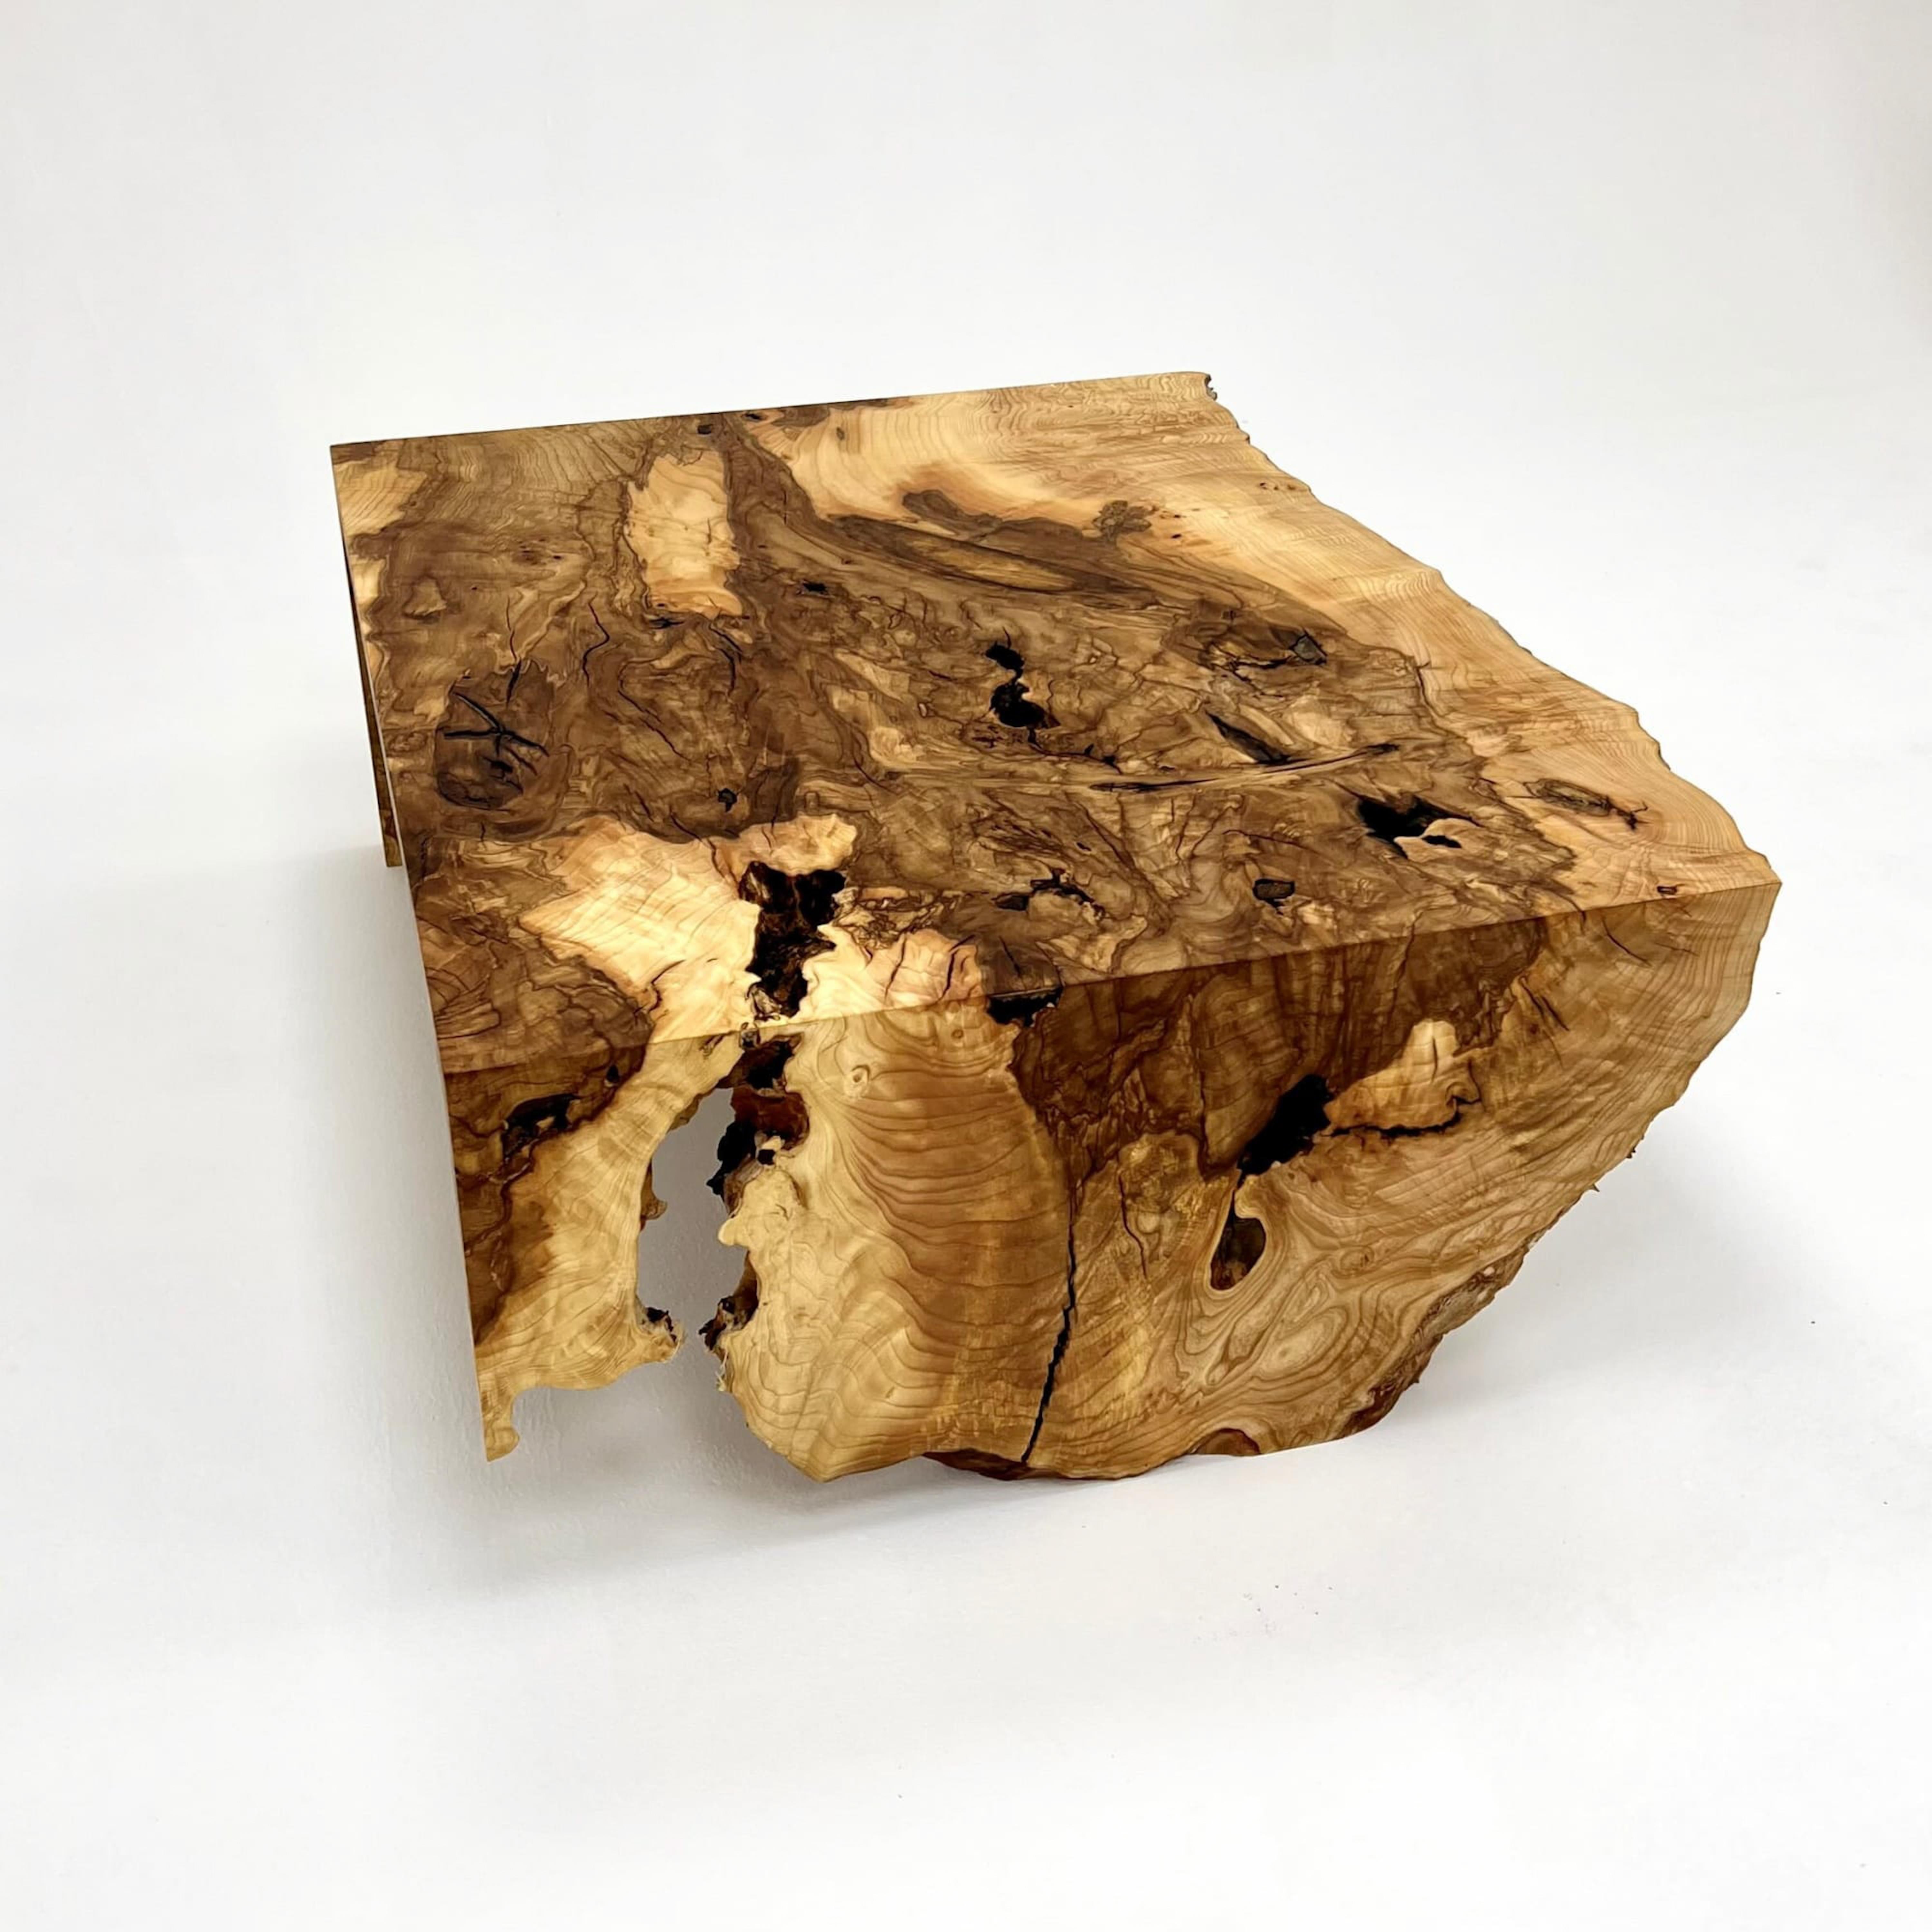 Ash Wood Coffee Table

Handcrafted by skilled artisans of Tinella Team, this coffee table seamlessly fuses natural wood with smoke epoxy resin, creating a captivating piece that captures nature's beauty. 
Its exceptional design and craftsmanship

══════════════════════════════

Exercise |
Copy out every line of the material above exactly, skipping the pictures.

Answer area |
 Ash Wood Coffee Table

Handcrafted by skilled artisans of Tinella Team, this coffee table seamlessly fuses natural wood with smoke epoxy resin, creating a captivating piece that captures nature's beauty. 
Its exceptional design and craftsmanship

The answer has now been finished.